**Exercise description**
Begin the copy at the line containing "Villaggi Thai - Snake passion" in the data below and end it at the line containing "Season of the Chosen in Destiny 2 - Roadmap", keeping each line exact and leaving out pictures.

**Provided records**
════════════════
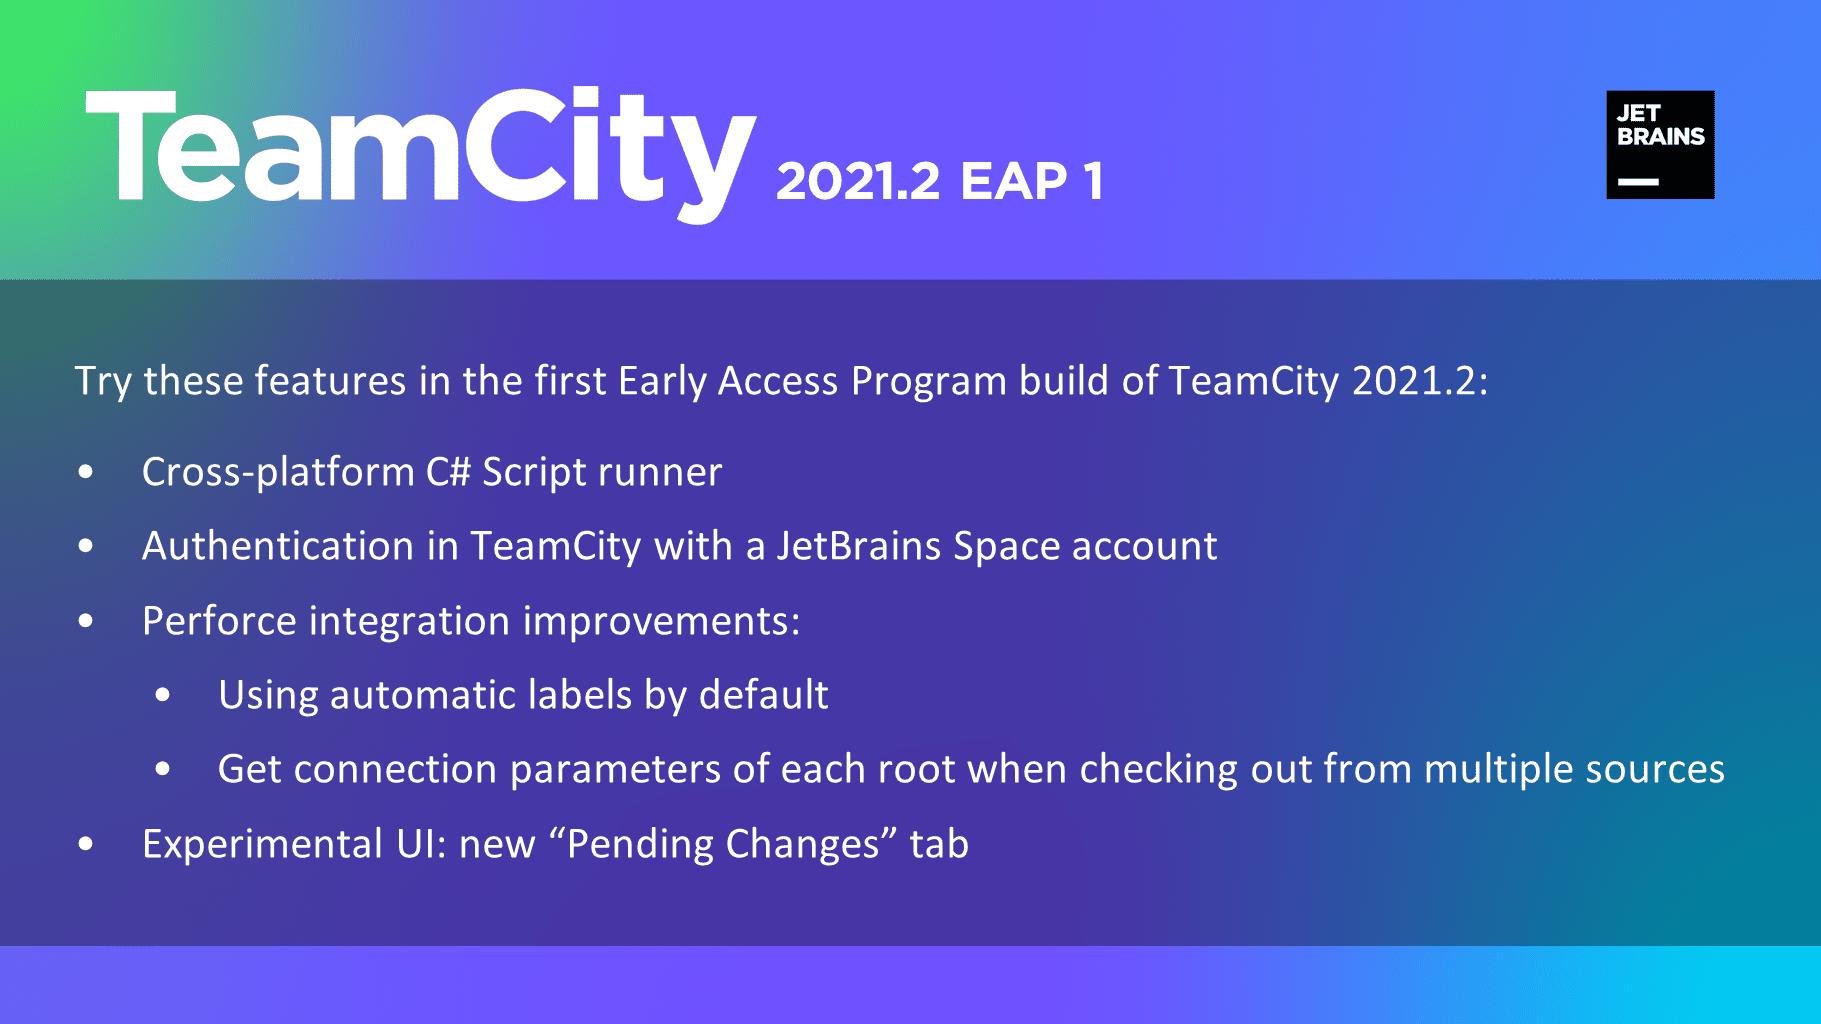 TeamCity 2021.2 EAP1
════════════════
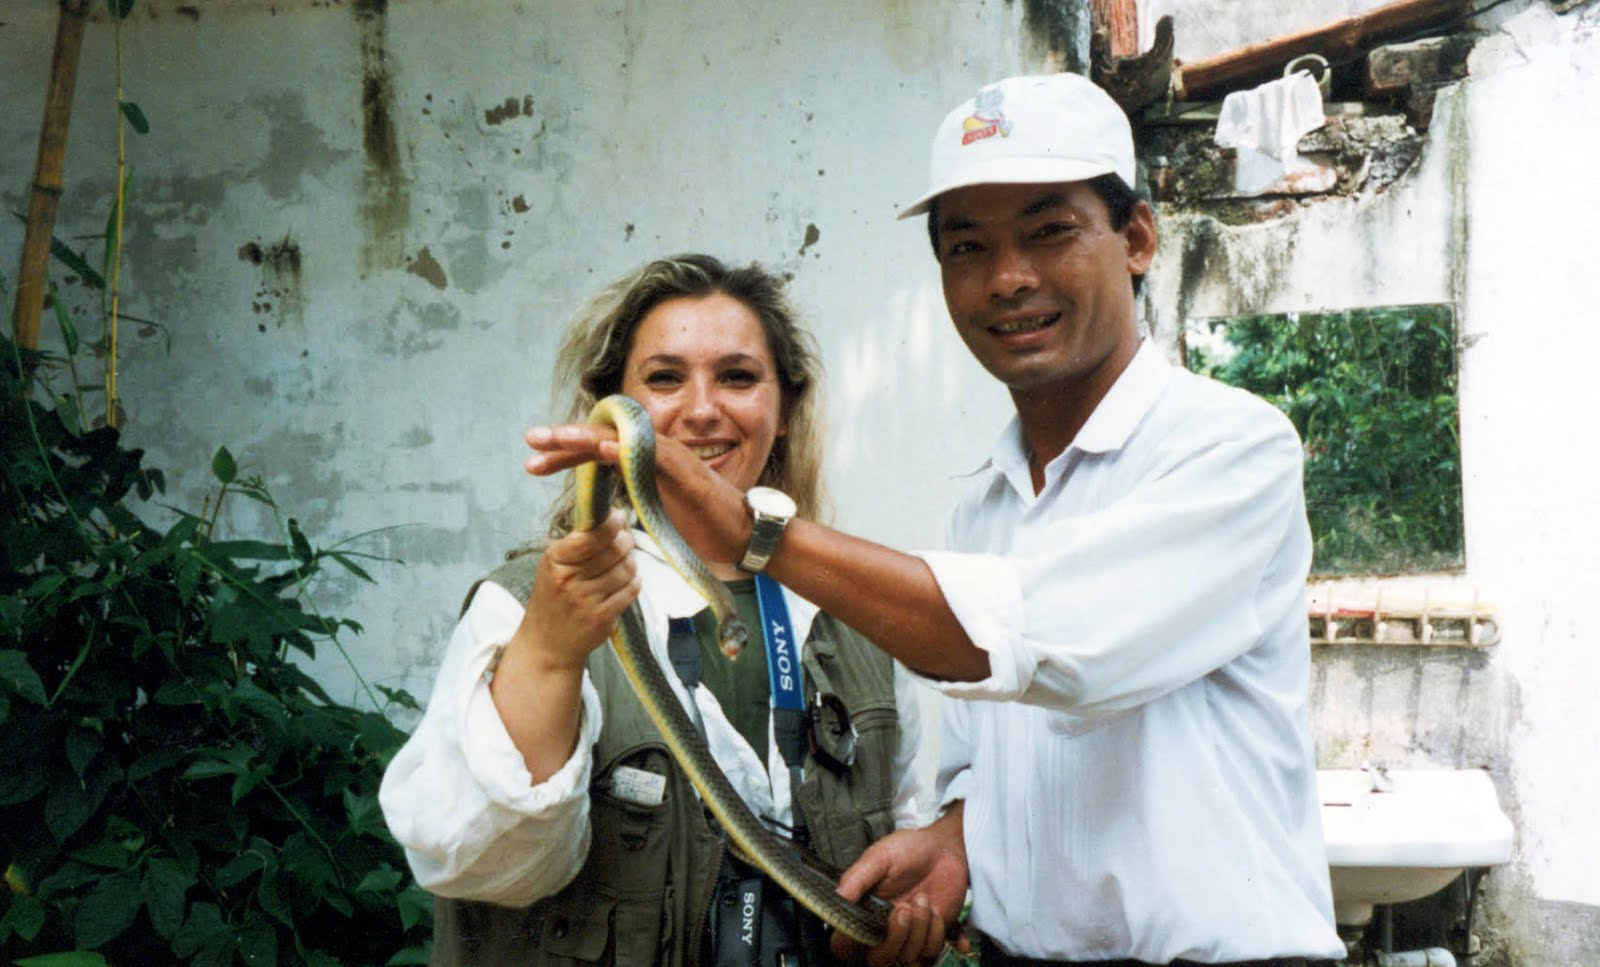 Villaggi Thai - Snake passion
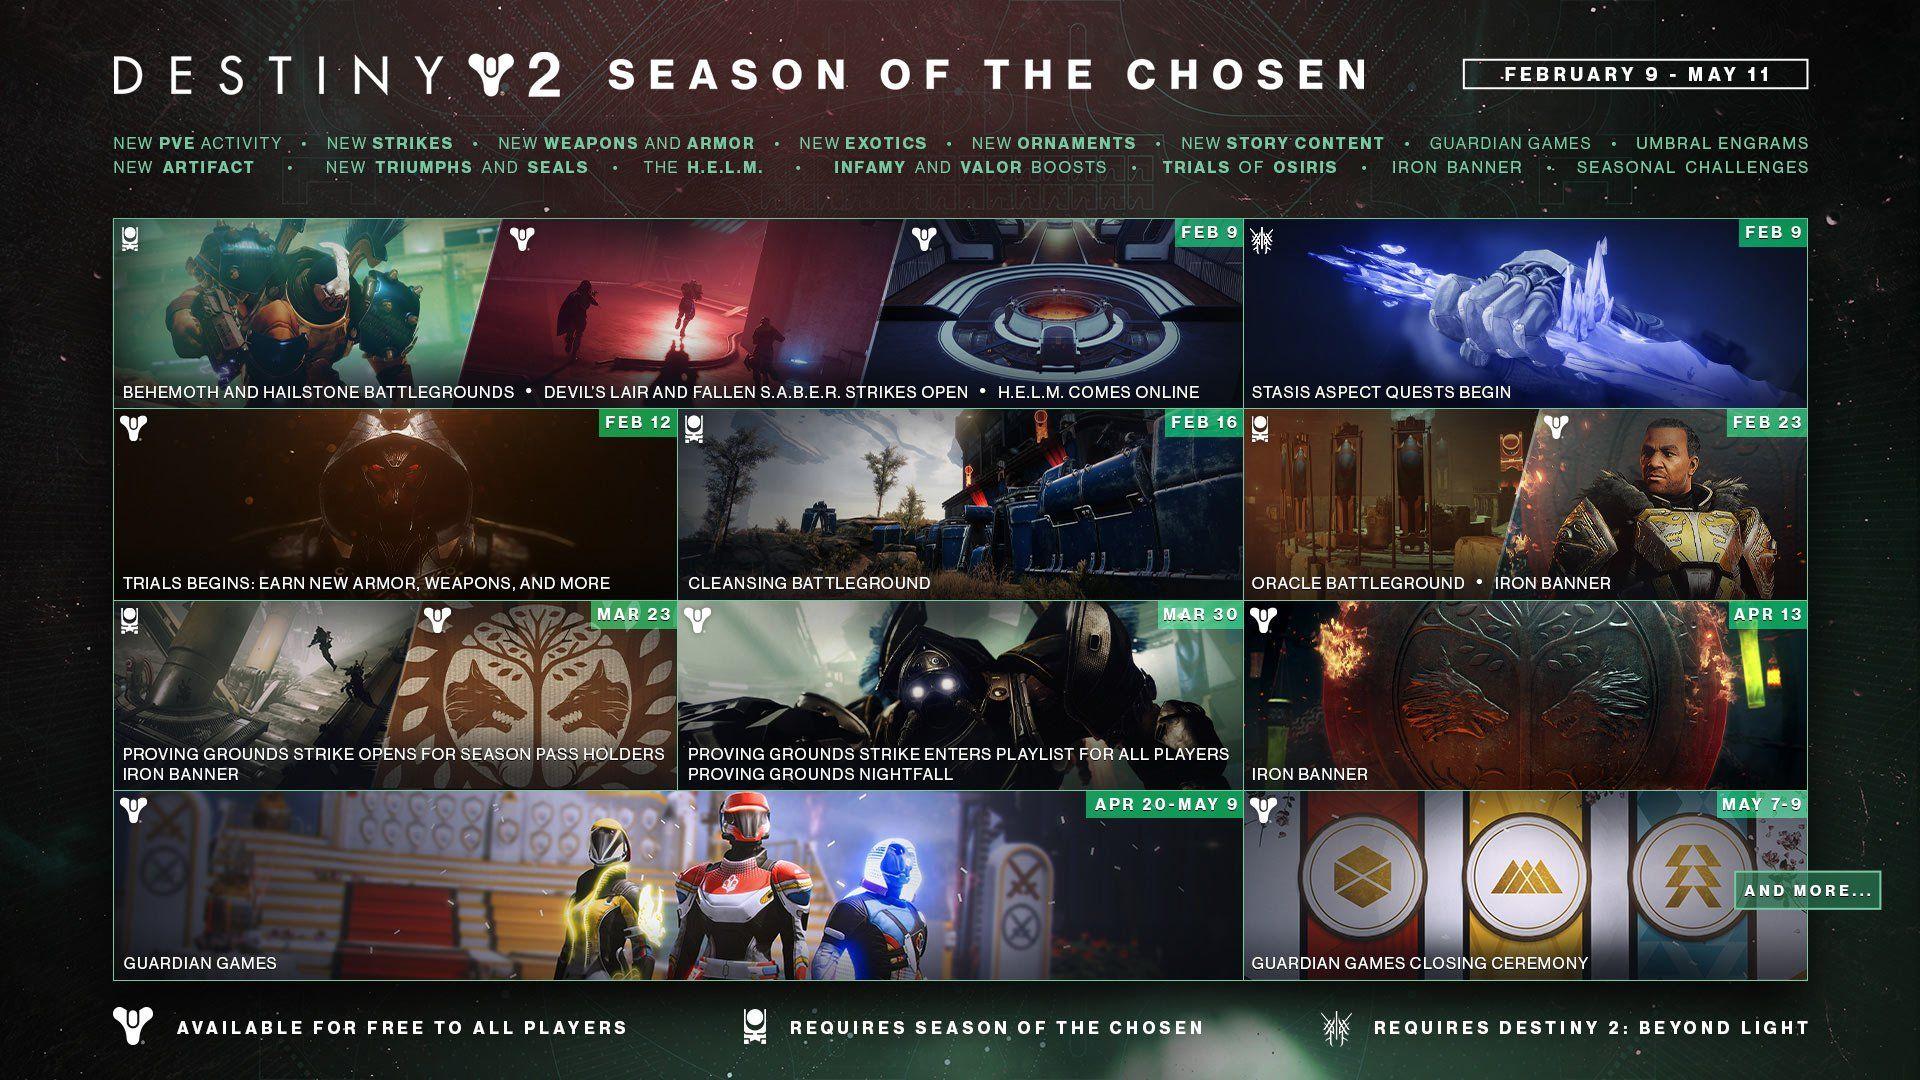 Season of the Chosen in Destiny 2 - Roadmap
════════════════
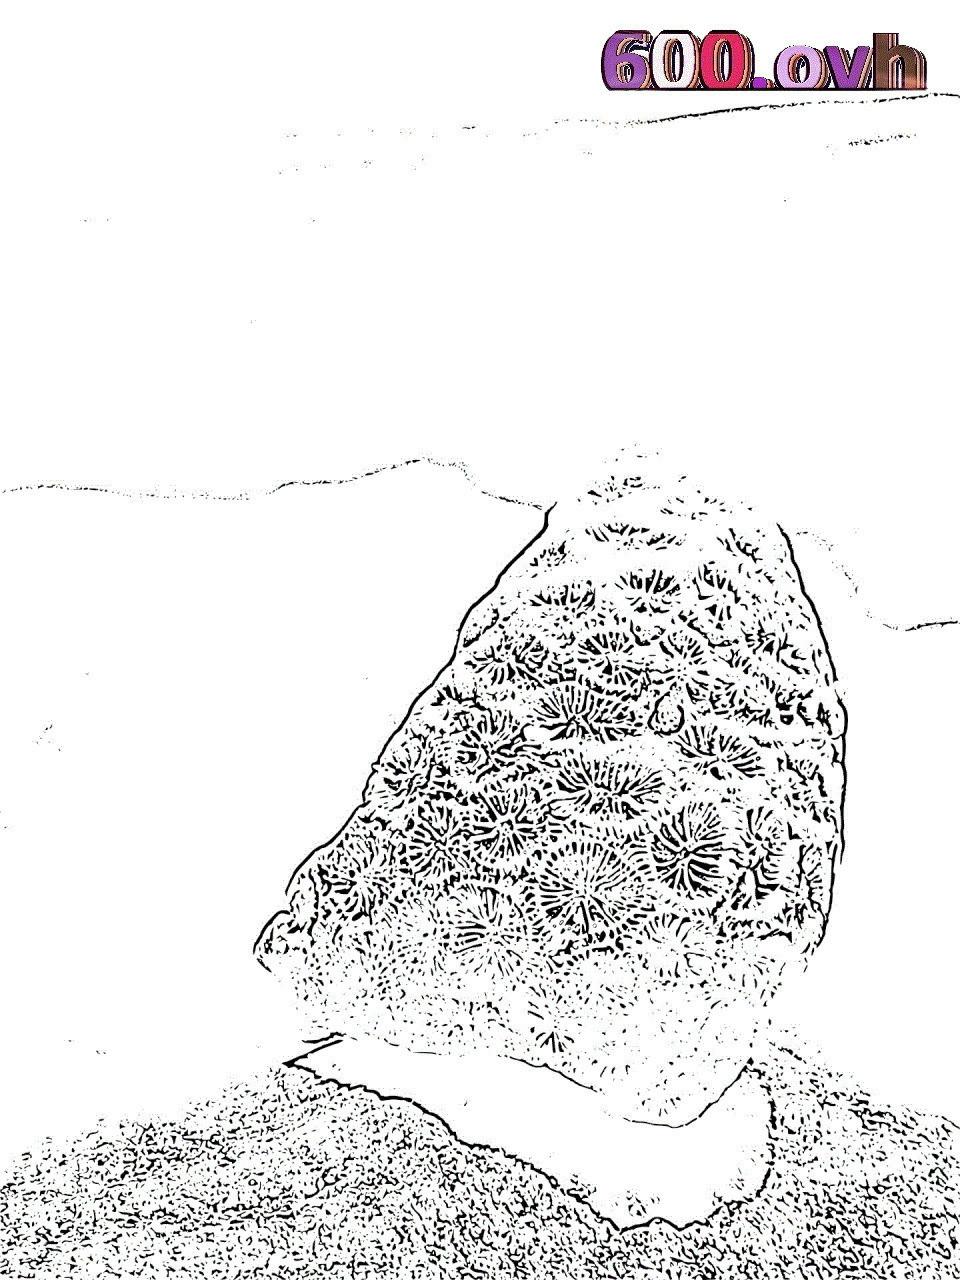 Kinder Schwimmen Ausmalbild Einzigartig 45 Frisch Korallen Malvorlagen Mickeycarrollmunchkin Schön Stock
════════════════
**Completed task**
 Villaggi Thai - Snake passion
 Season of the Chosen in Destiny 2 - Roadmap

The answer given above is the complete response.